The AI tool was trained to compute the dark matter and identify viruses based on sequences and the secondary structures of the protein that all RNA viruses use for replication.
It was able to significantly fast track virus discovery, which, if using traditional methods, would be time intensive.
Co-author from Sun Yat-sen University, the study’s institutional lead, Professor Mang Shi said: “We used to rely on tedious bioinformatics pipelines for virus discovery, which limited the diversity we could explore.
“Now, we have a much more effective AI-based model that offers exceptional sensitivity and specificity, and at the same time allows us to delve much deeper into viral diversity. We plan to apply this model across various applications.”
Co-author Dr Zhao-Rong Li, who researches in the Apsara Lab of Alibaba Cloud Intelligence, said: “LucaProt represents a significant integration of cutting-edge AI technology and virology, demonstrating that AI can effectively accomplish tasks in biological exploration.
“This integration provides valuable insights and encouragement for further decoding of biological sequences and the deconstruction of biological systems from a new perspective. We will also continue our research in the field of AI for virology.”
Professor Holmes said: “The obvious next step is to train our method to find even more of this amazing diversity, and who knows what extra surprises are in store.”
Funding: The researchers declare no competing interests. The research was supported by the National Natural Science Foundation of China, the Shenzhen Science and Technology Program, the Natural Science Foundation of Guangdong Province, the Guangdong Province “Pearl River Talent Plan” Innovation and Entrepreneurship Team Project, the Hong Kong Innovation and Technology Fund (ITF) and the Health and Medical Research Fund. Professor Holmes is funded by a National Health and Medical Research Council of Australia Investigator grant and by AIR@InnoHK administered by the Innovation and Technology Commission, Hong Kong Special Administrative Region, China.
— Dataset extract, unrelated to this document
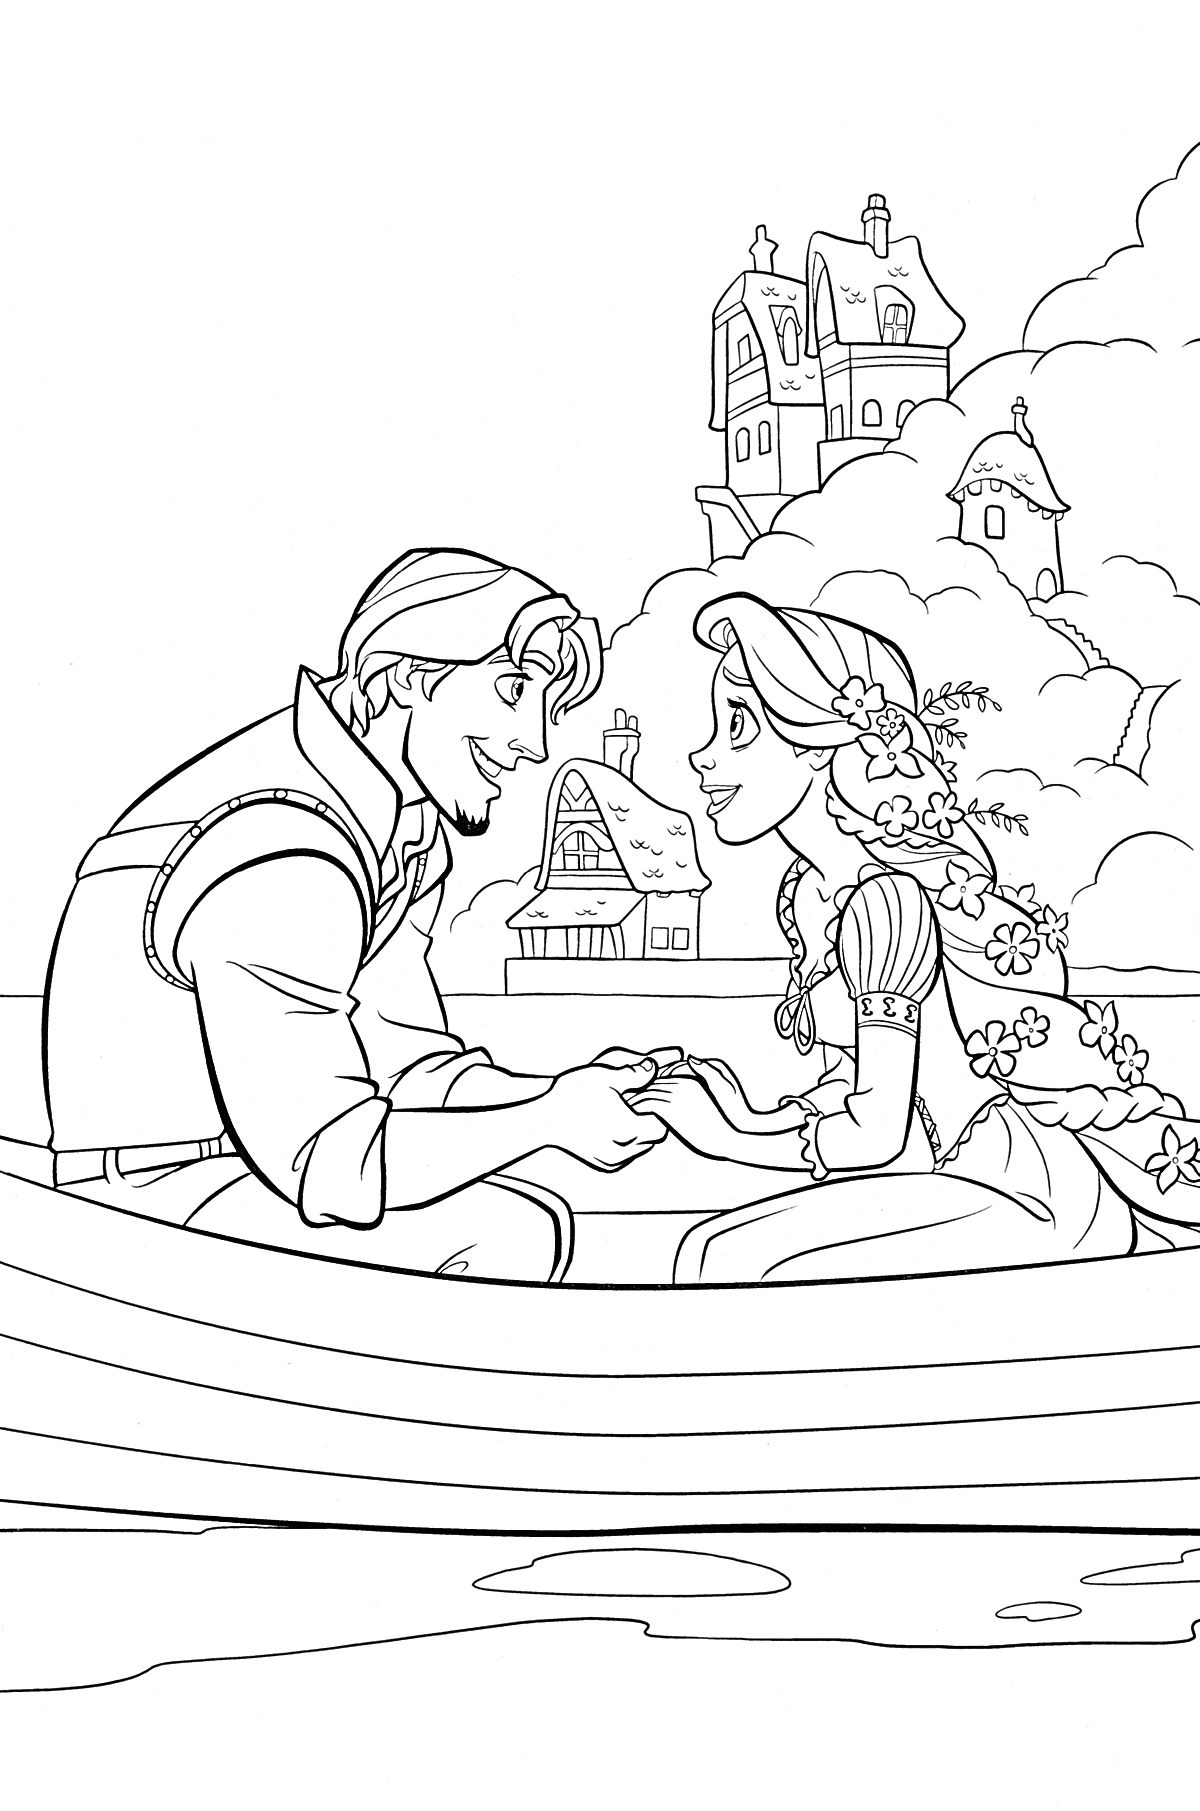 Рапунцель и молодой человек в лодке на фоне замка и домов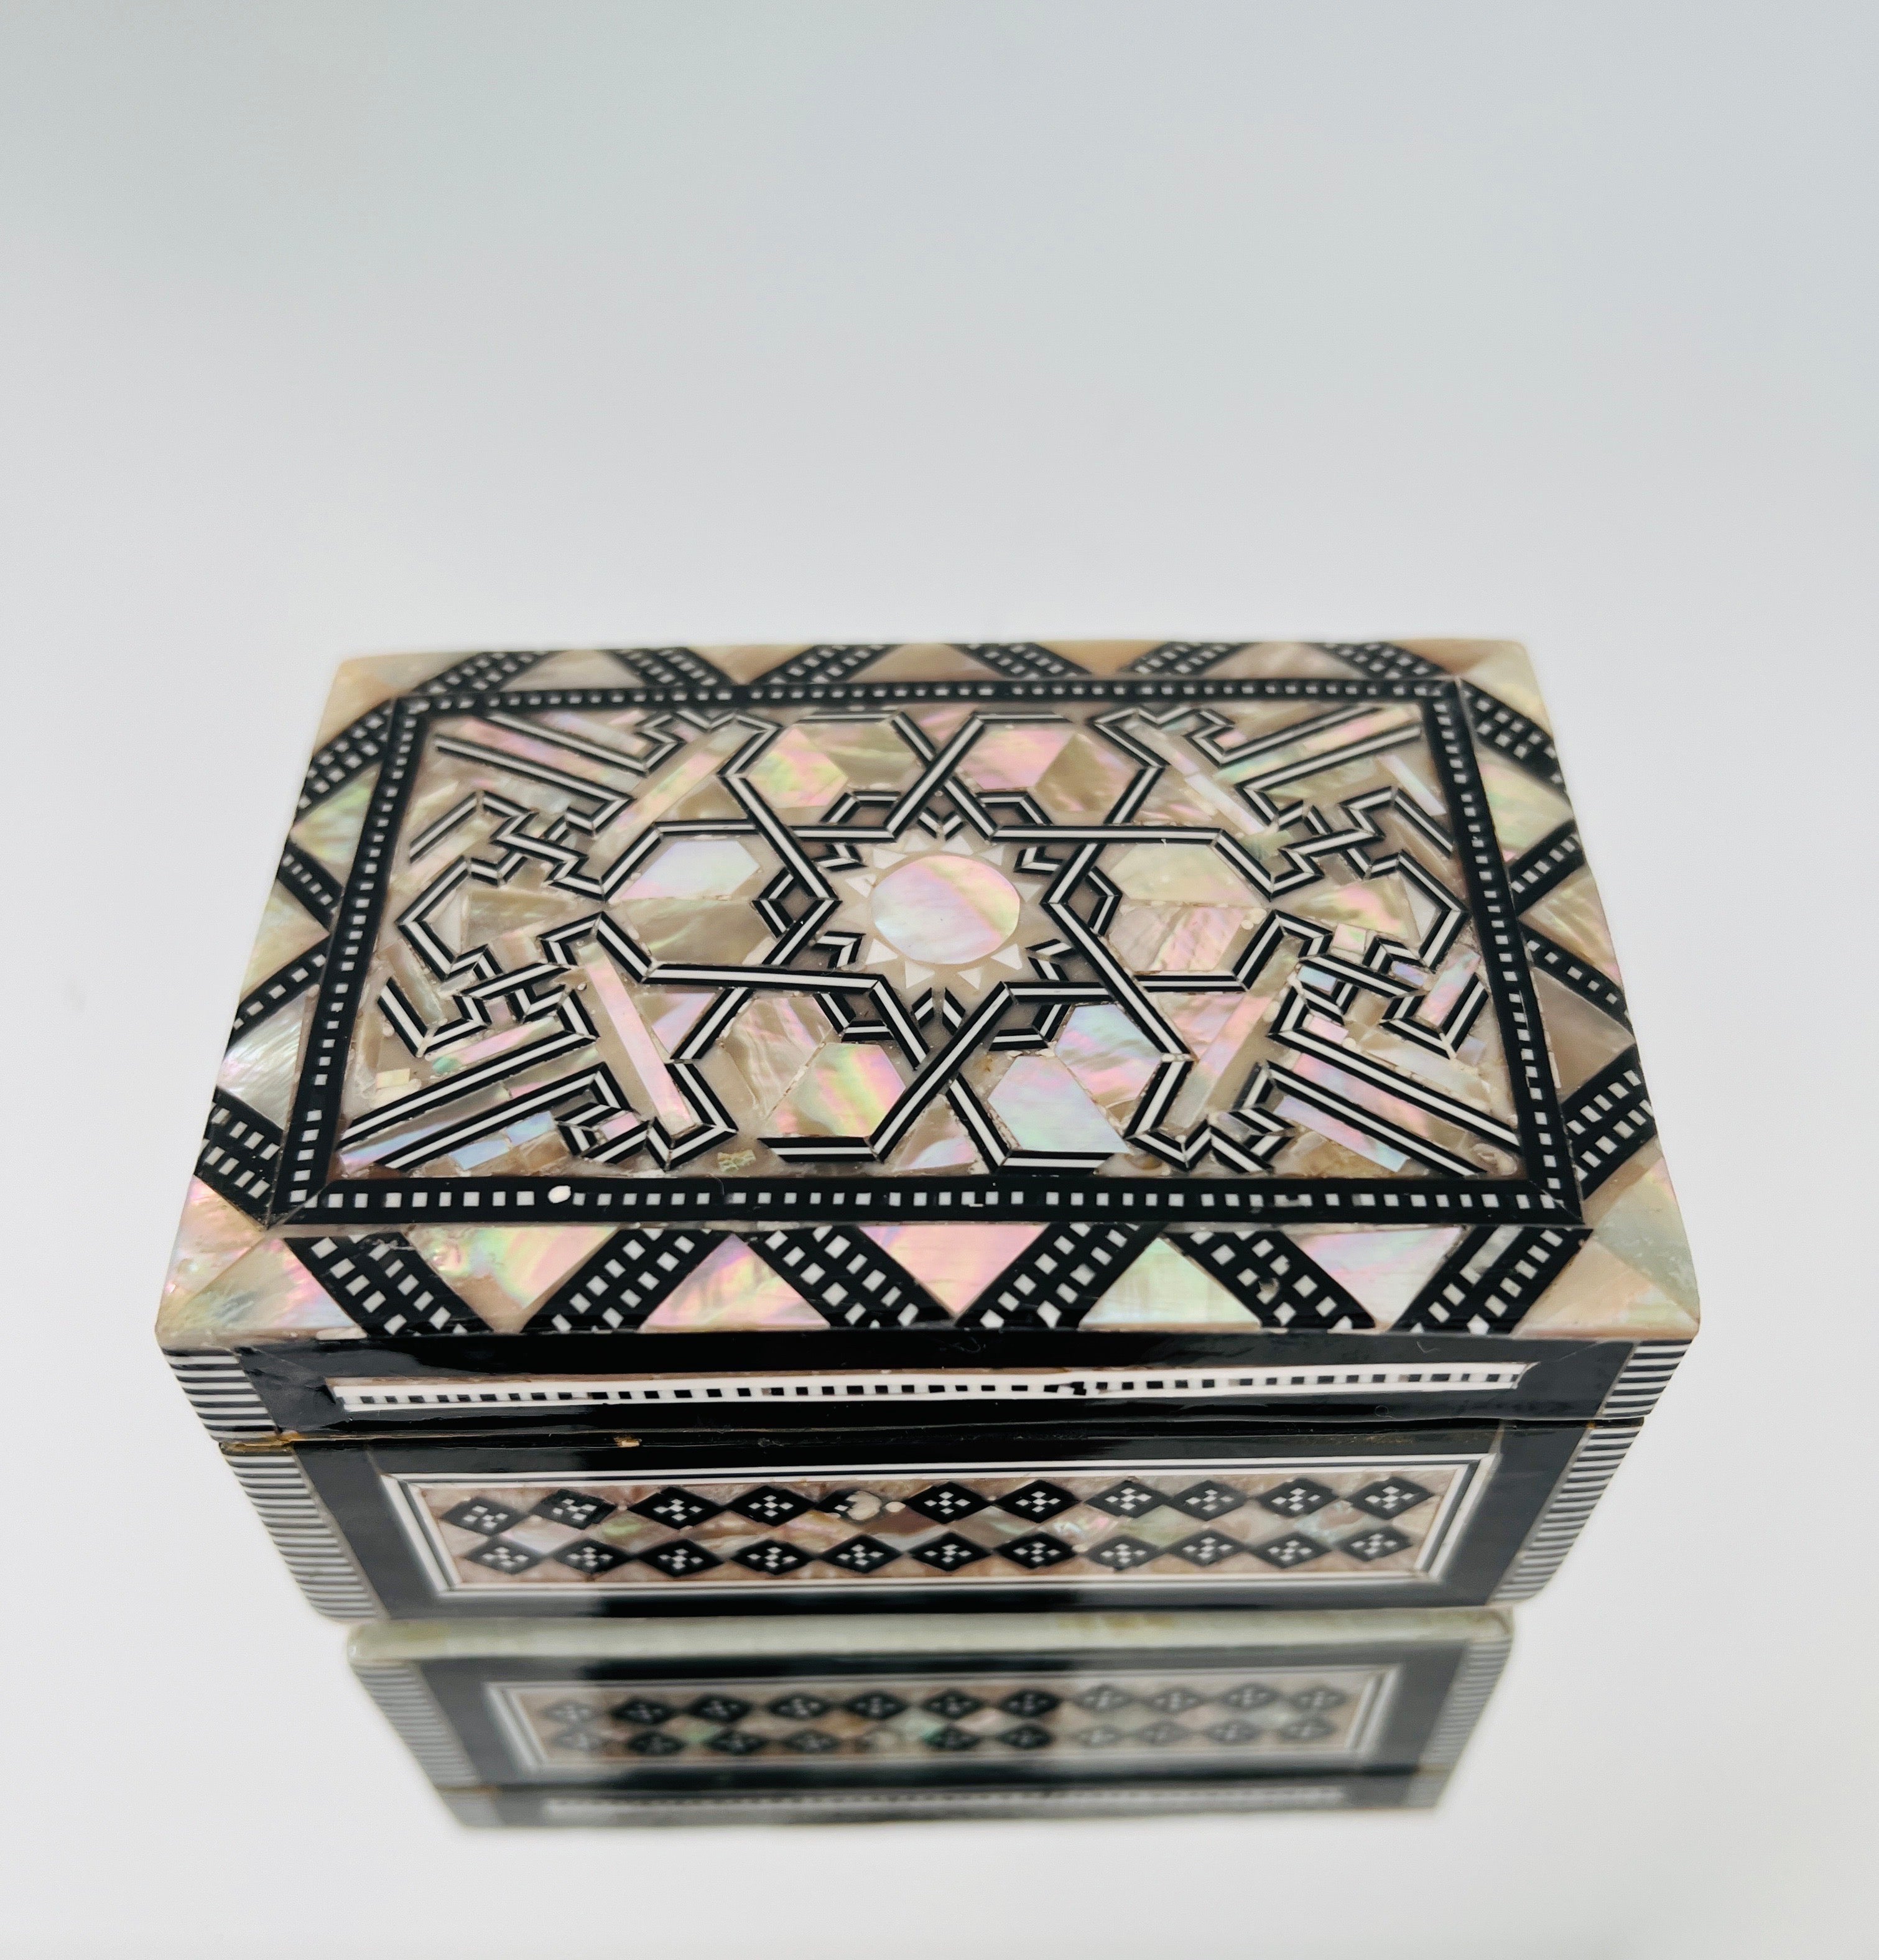 Exquise boîte géométrique en bois fabriquée à la main avec des incrustations de micro-mosaïques de nacre selon la technique Khatam, une ancienne technique d'incrustation persane. Cette boîte de style mauresque présente également des incrustations

About this artificial intelligence and genetics research news
Author: Luisa Low
Source: University of Sydney
Contact: Luisa Low – University of Sydney
Image: The image is credited to Neuroscience News
Original Research: Open access.
“Using artificial intelligence to document the hidden virosphere” by Edwards Holmes et al. Cell
Abstract
Using artificial intelligence to document the hidden virosphere
Current metagenomic tools can fail to identify highly divergent RNA viruses. We developed a deep learning algorithm, termed LucaProt, to discover highly divergent RNA-dependent RNA polymerase (RdRP) sequences in 10,487 metatranscriptomes generated from diverse global ecosystems.
LucaProt integrates both sequence and predicted structural information, enabling the accurate detection of RdRP sequences.
Using this approach, we identified 161,979 potential RNA virus species and 180 RNA virus supergroups, including many previously poorly studied groups, as well as RNA virus genomes of exceptional length (up to 47,250 nucleotides) and genomic complexity. A subset of these novel RNA viruses was confirmed by RT-PCR and RNA/DNA sequencing.
Newly discovered RNA viruses were present in diverse environments, including air, hot springs, and hydrothermal vents, with virus diversity and abundance varying substantially among ecosystems.
This study advances virus discovery, highlights the scale of the virosphere, and provides computational tools to better document the global RNA virome.